-- Opening Marker --

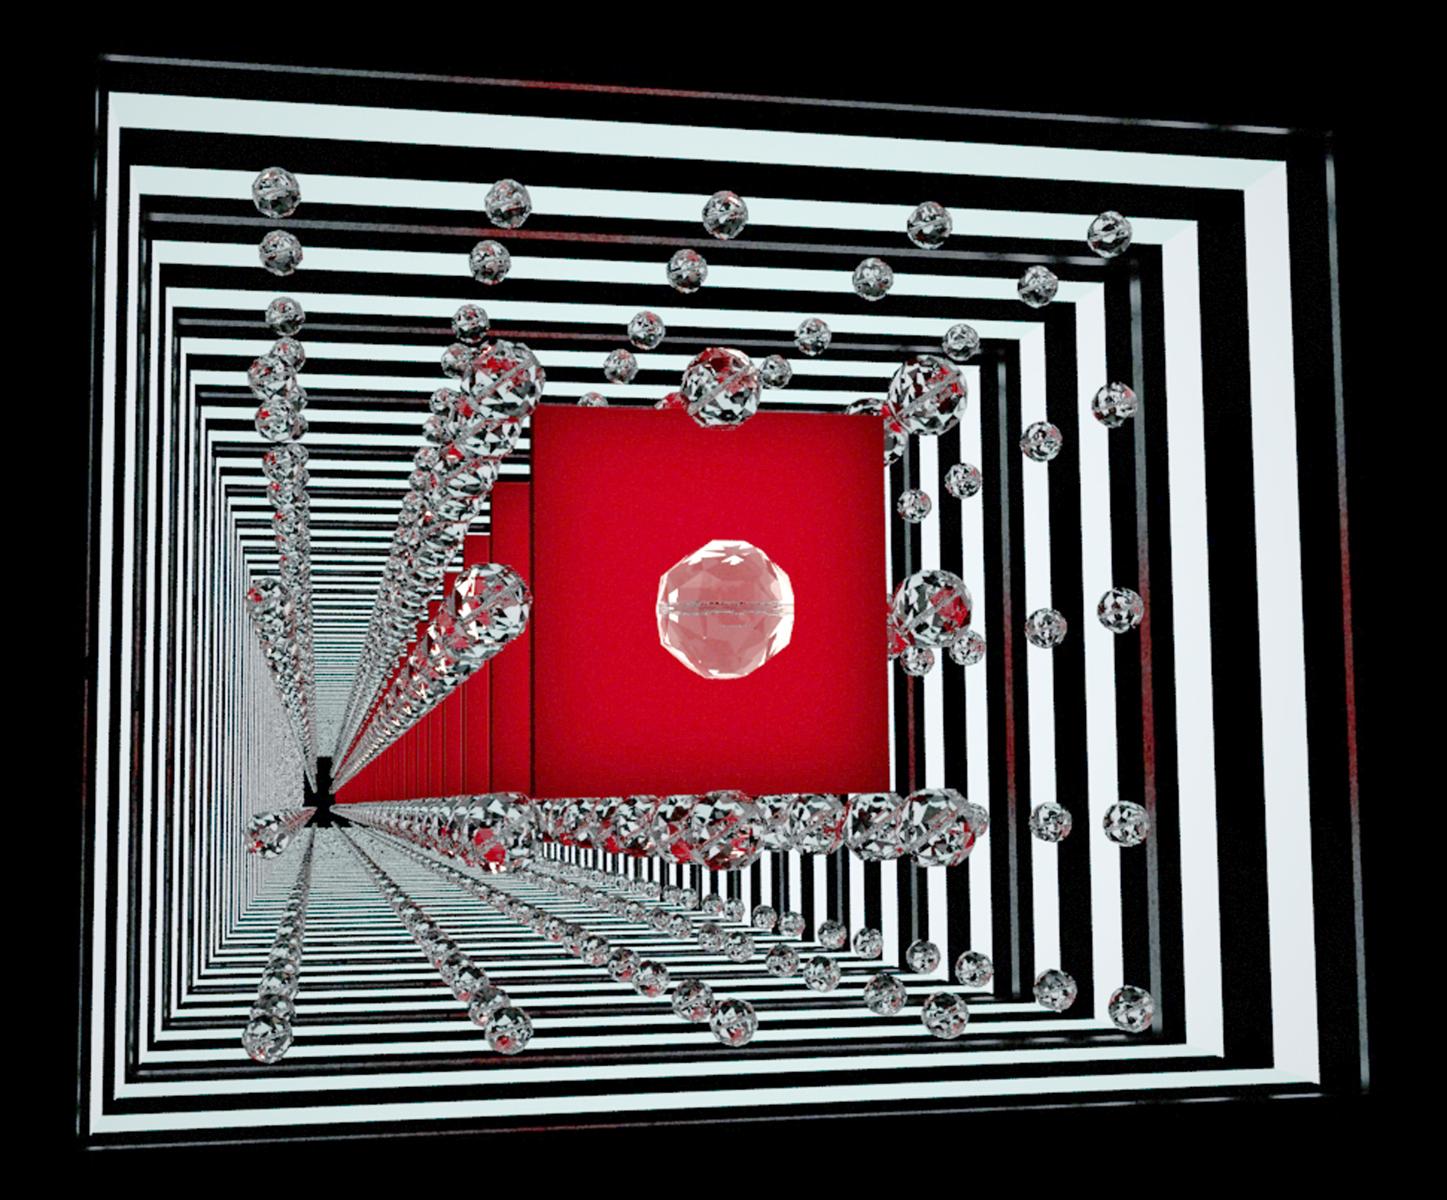 Amazing Mirror Reflections By Stanislav Sapukhin
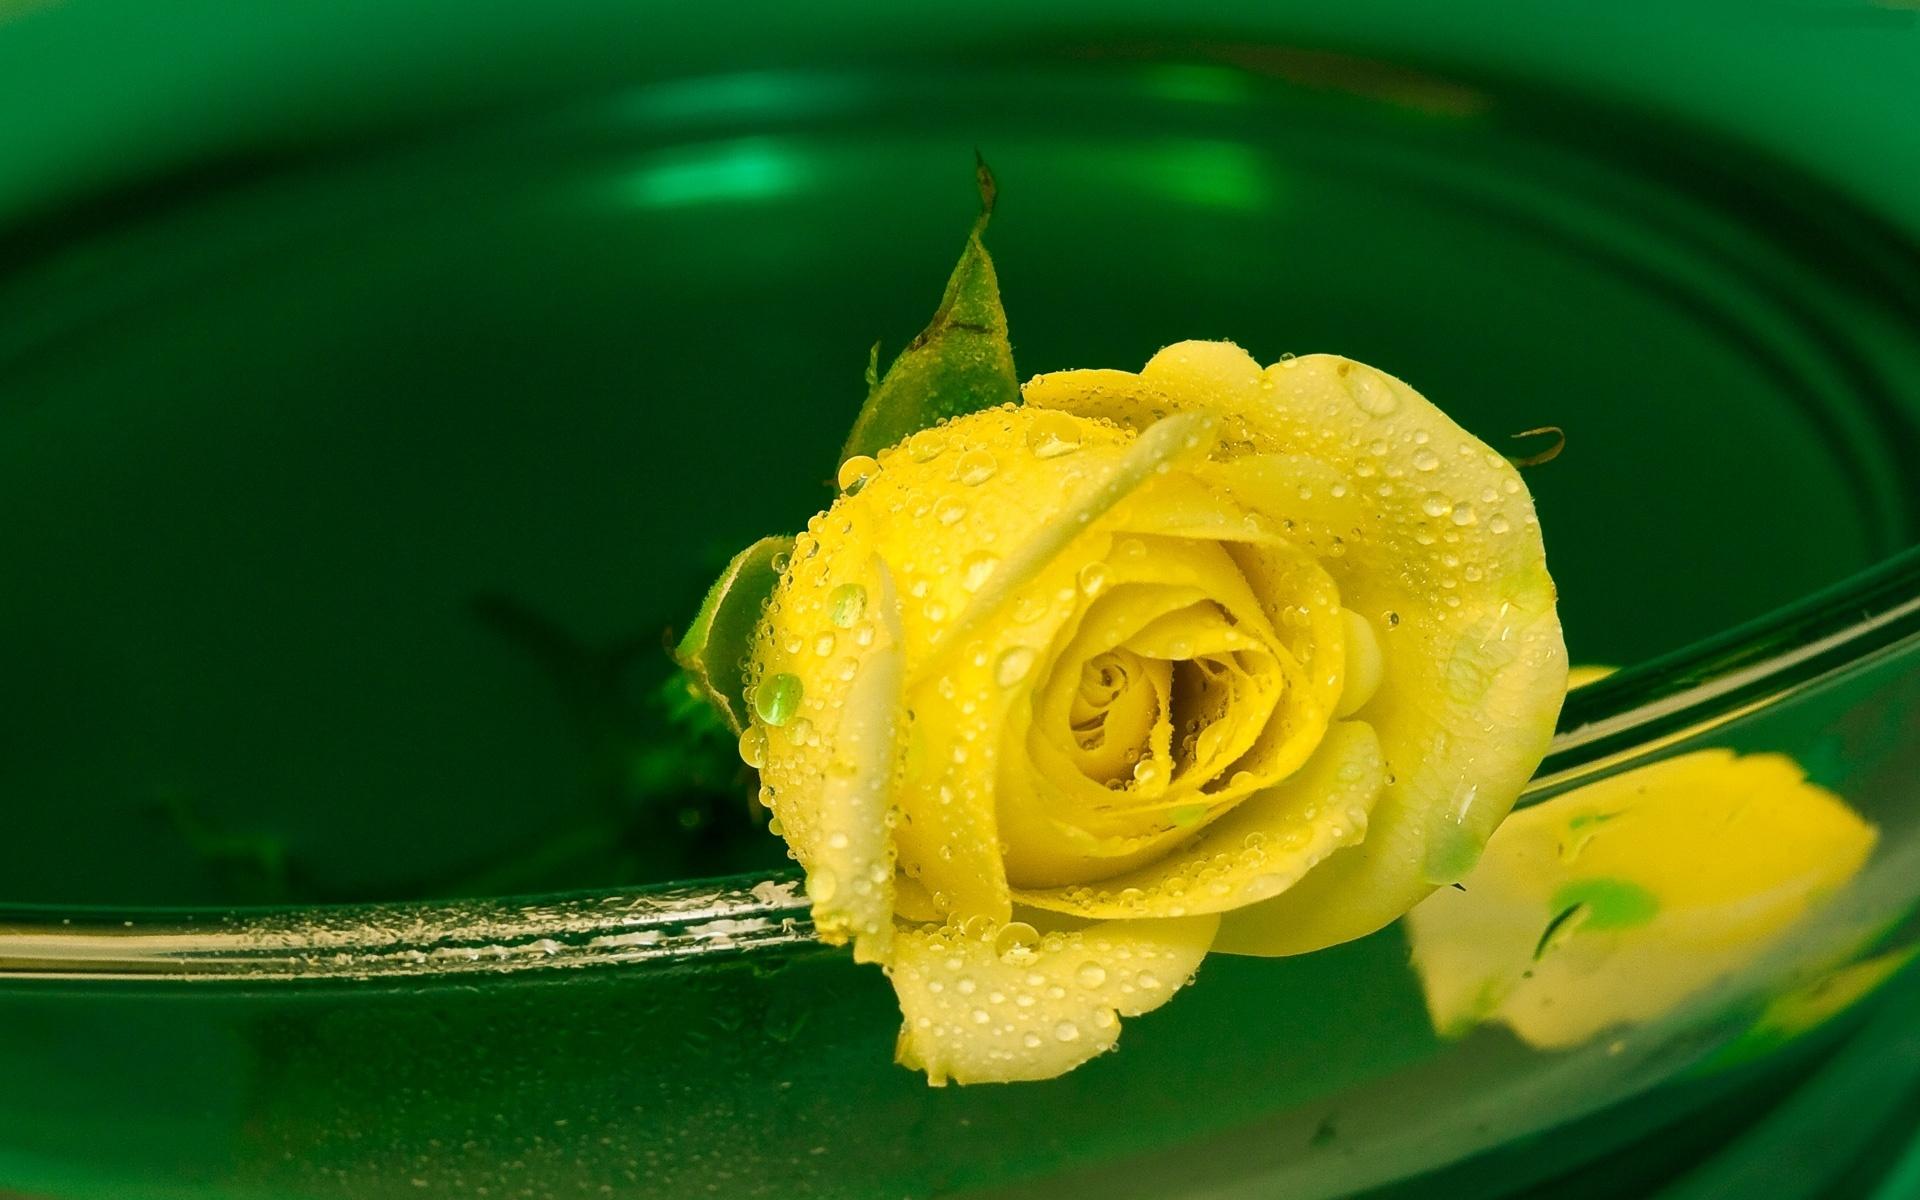 Hd wallpaper yellow rose - Yellow Rose Wallpapers
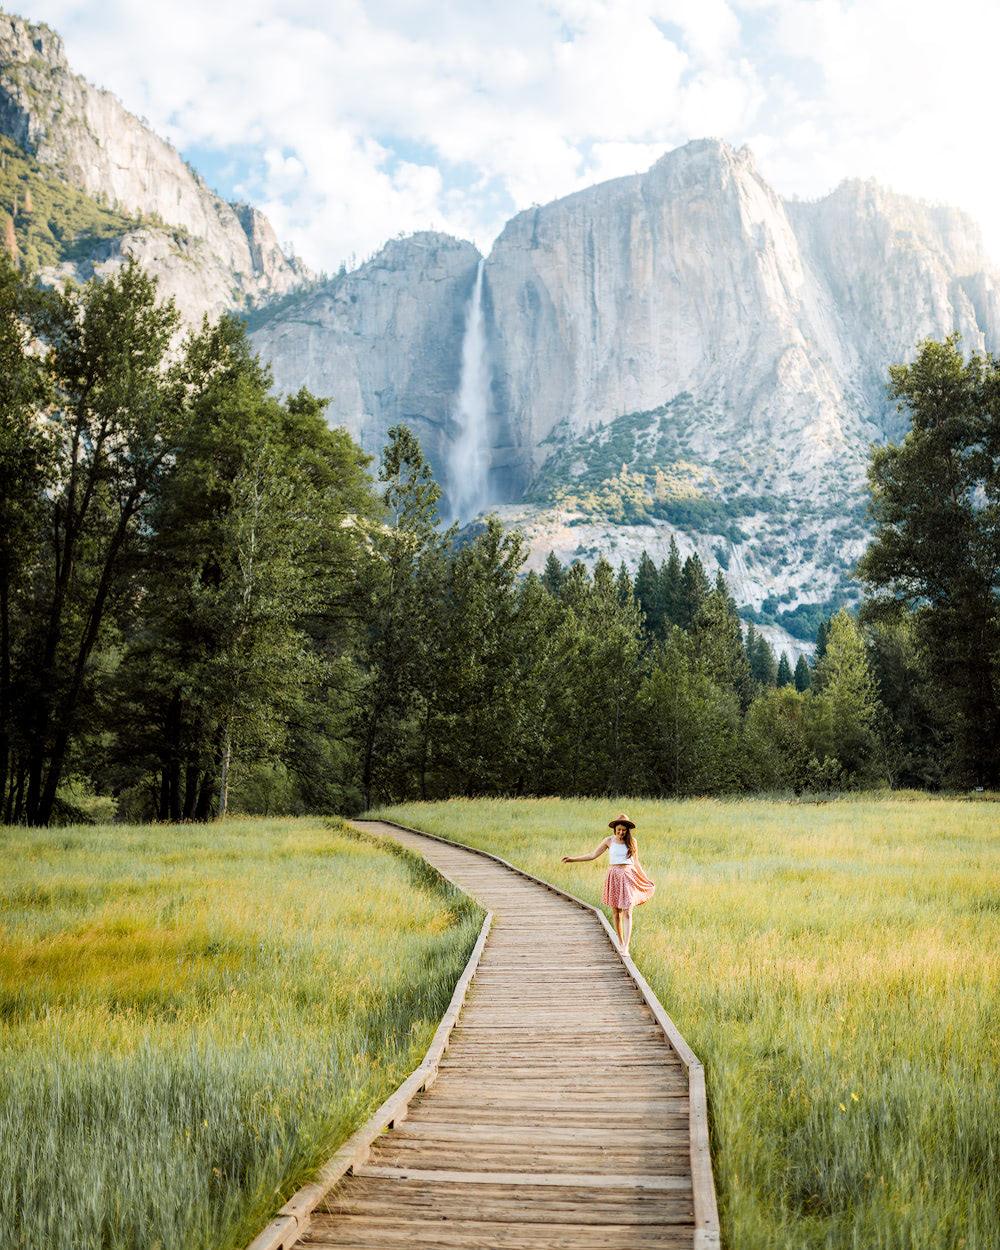 The Ultimate Guide to Exploring Yosemite National Park - Yosemite Valley Boardwalk

-- Closing Marker --

> [Exercise requirements]: In the copy, only the lines from the one holding "Hd wallpaper yellow" through the end of the listing above should appear, retyped exactly, both ends included, with no pictures.

> [Response to this exercise]:
 Hd wallpaper yellow rose - Yellow Rose Wallpapers
 The Ultimate Guide to Exploring Yosemite National Park - Yosemite Valley Boardwalk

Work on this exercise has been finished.